The above economic stimulus proposals focus on ways to reduce the debt and increase savings.  Next, an aggressive stimulus policy needs to be implemented to bring people back into the workforce. 

1.  It is estimated that 80,000 businesses will go bankrupt during the forthcoming 6 to 12 months.  A stimulus package should be launched that would provide two percent interest loans to small businesses if qualifying businesses agree to hire five new employees.

2. Institute a low income micro-credit loan program in our inner city neighborhoods. Such loans, however, would be co-sponsored by corporations that would receive a 2 to 1 tax write off for each business they sponsor.  A similar tax incentive would apply to corporations sponsoring basic skills and technological training to impoverished inner city neighborhoods.

3,  States and individual cities should donate free abandoned buildings for rehabilitation under the auspices of a new inner city conservation corps, with the proviso that the individuals employed are required to live in that city for three years.  Such a program, at a national level, could generate upwards to 3 million new jobs. The greater metropolitan New York City area, for example, has approximately 60,000 abandoned buildings. These can also be corporate sponsored for the sole purpose of being developed into schools, residences, community centers, etc. They would be registered as Trusts in order to prevent sole personal ownership.  In the case of buildings converted into low income housing, residents would be charged no more than 15 percent of their disposal income thereby providing low income families with good housing.

4. A corporate sponsorship project to employ men and women to transform inner city areas into parks for sustainable habitat would not only add jobs but also improve the quality of life for many city residents.

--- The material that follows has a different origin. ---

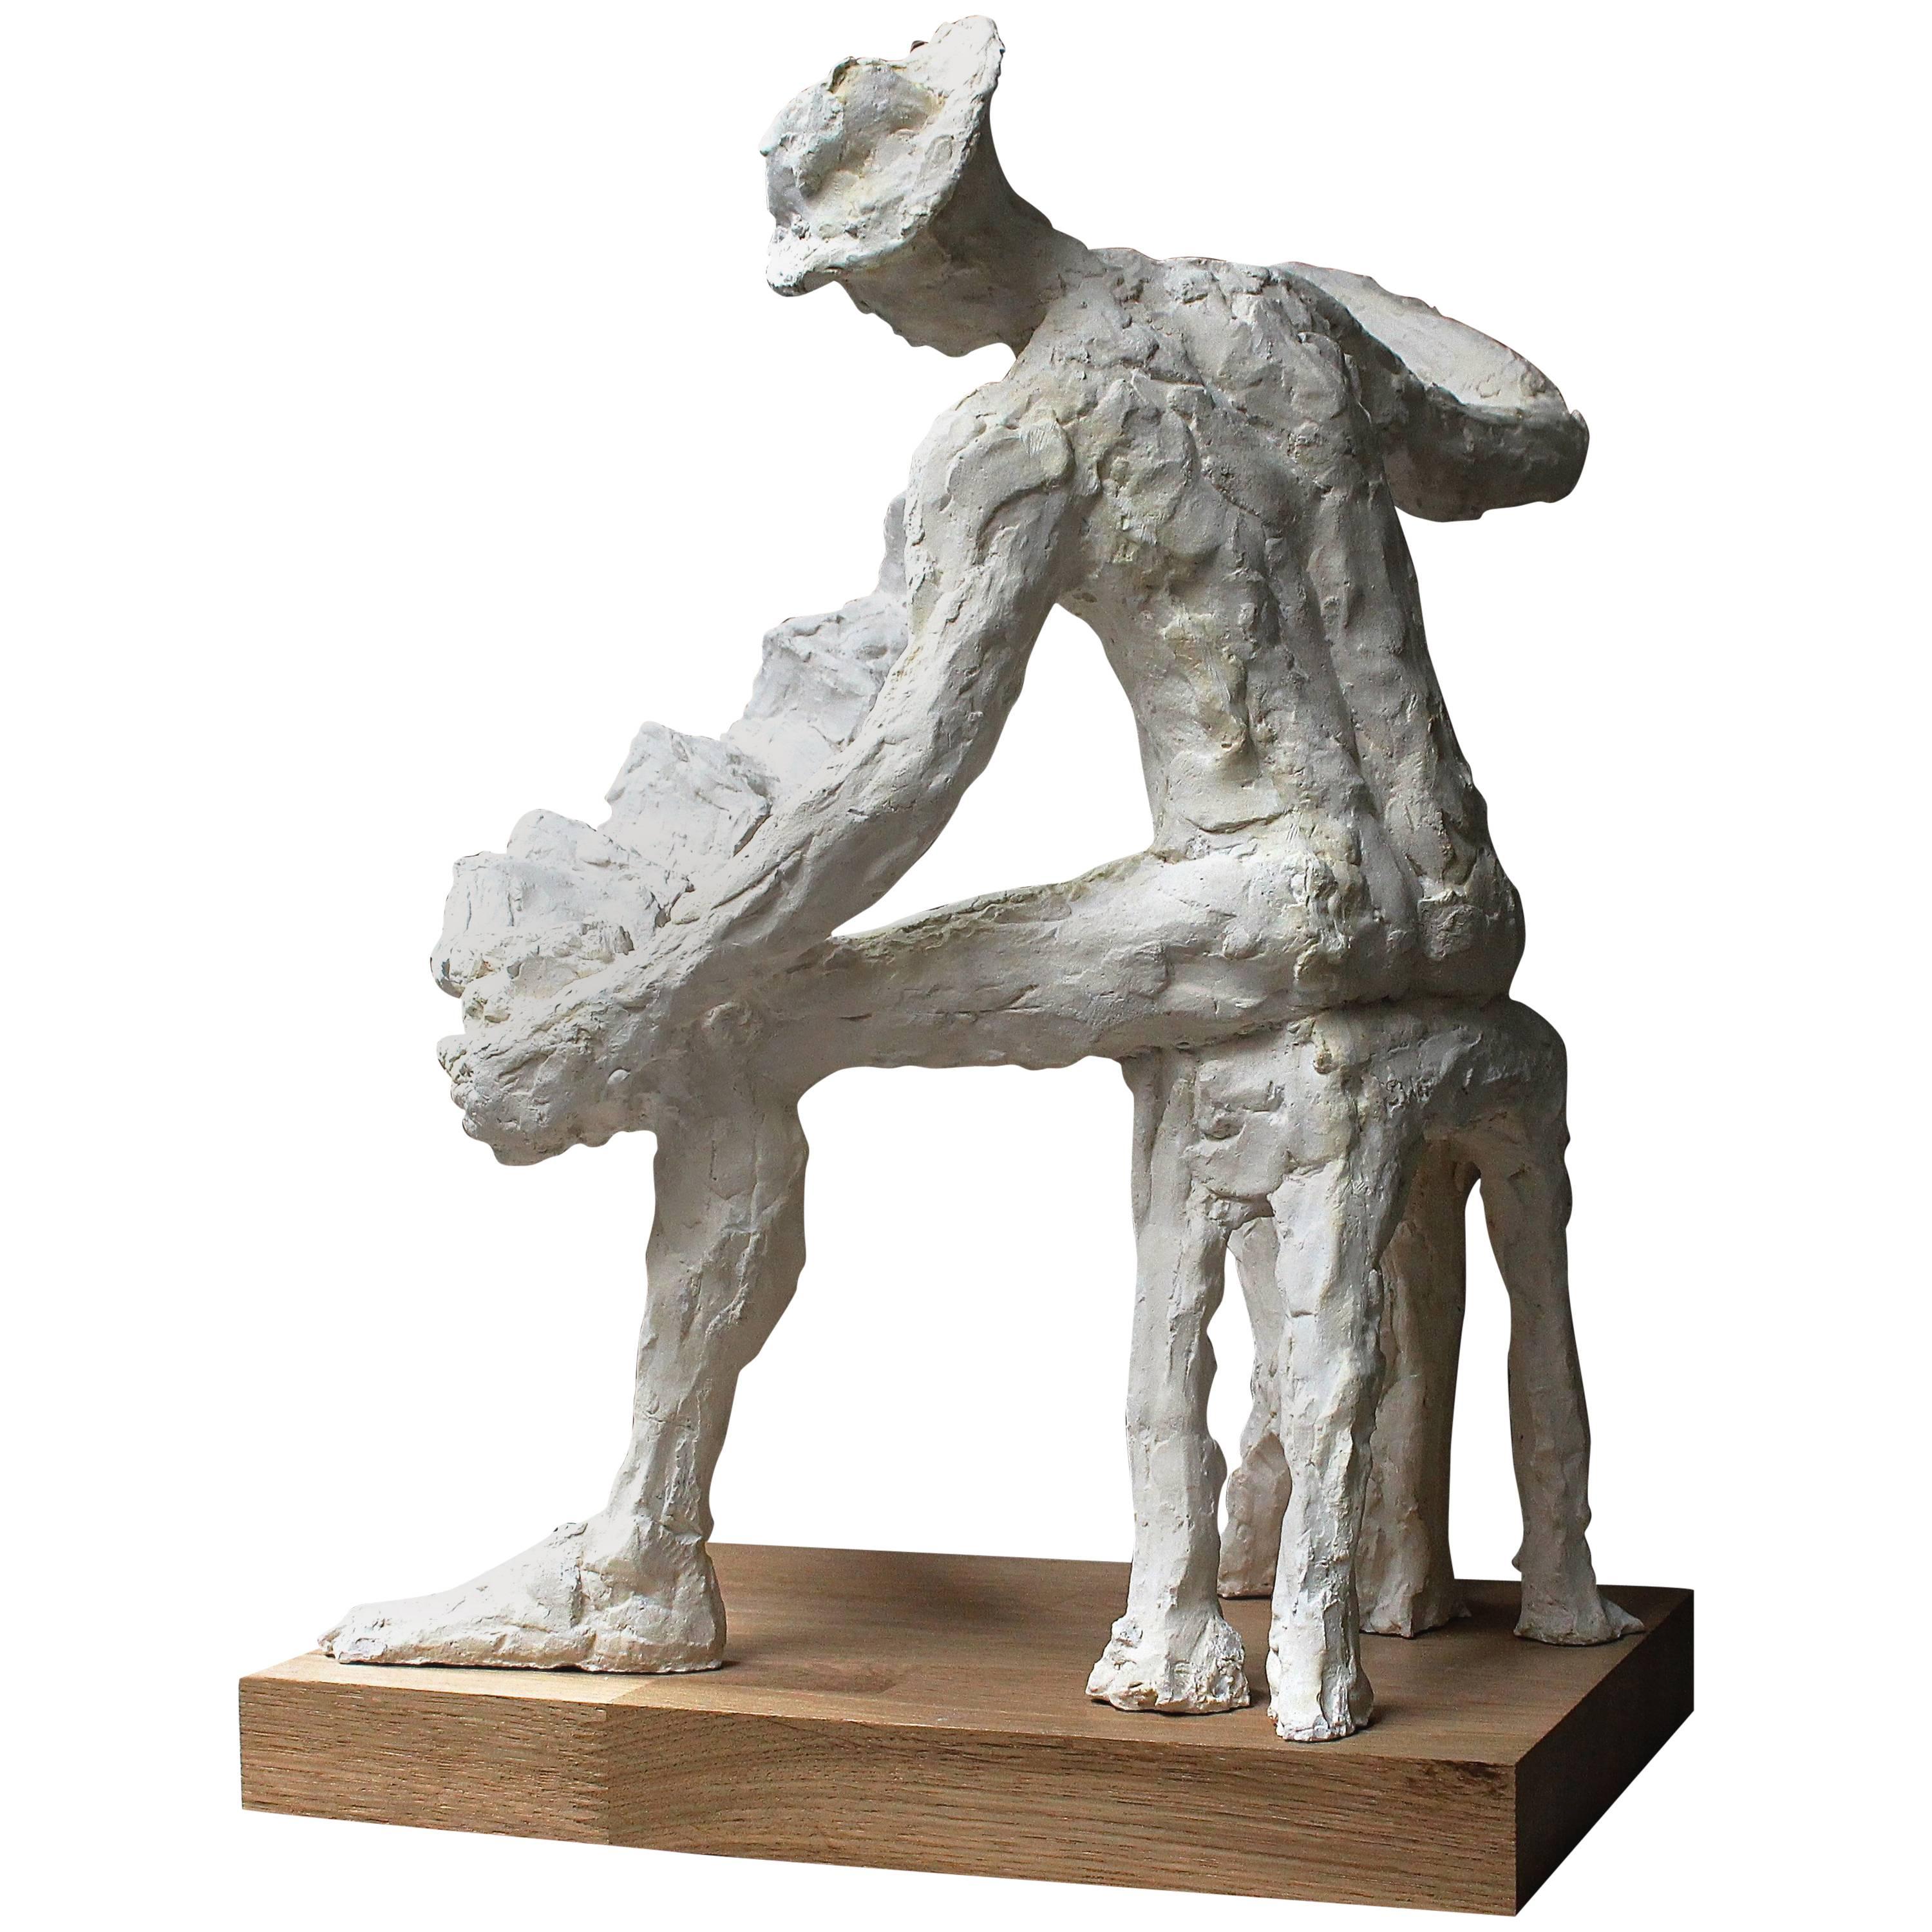 Sidonie Laurens, 1st Prize Grand Palais, Sculpture, Paris, France

These neighborhoods would be regulated to prevent outside gentrification, which has historically been shown to contribute to the decay of neighborhoods.

5.  A coalition of the states governors estimates that between $1.6 and $2.3 trillion over five years will be necessary to rebuild physical infrastructures throughout the nation: bridge and highway improvement, upgraded water and gas lines, etc. Such a project would be a long term investment to improve Americans' health and safety, in addition to saving energy. 

6.  Employ an environmental clean up work force to tackle the ecological and health problems of designated superfund sites and other high risk toxic areas. For example, such an environmental work force could clean up the coal mine scalping pollution now devastating many parts of West Virginia and Kentucky. 

7.  Launch an aggressive reforestation system with the goal to plant 1 billion trees over a 5 year period. In addition, funds should be put into land and water conservation in order to reclaim the land from further development.

8.  Generate incentives for the growth of small communities around farming regions for people who wish to live away from the cities.  Adopting a model similar to Israel's kibbutzim would increase land sustainability and help move farms towards sustainable organic models.

9.  All future faith-based initiatives need to be judged and only funded based upon a proven record of interfaith commitment. An interfaith missionary program dedicated to peace, which would serve the best interests of America's foreign image, can offer a model of compassion and understanding to other countries in the world. Only such an interfaith program—absent of sectarian exclusivity—can carry a mandate of honesty in sincerely working to eradicate diseases, increase agricultural sustainability and reforestation projects, to developing nations.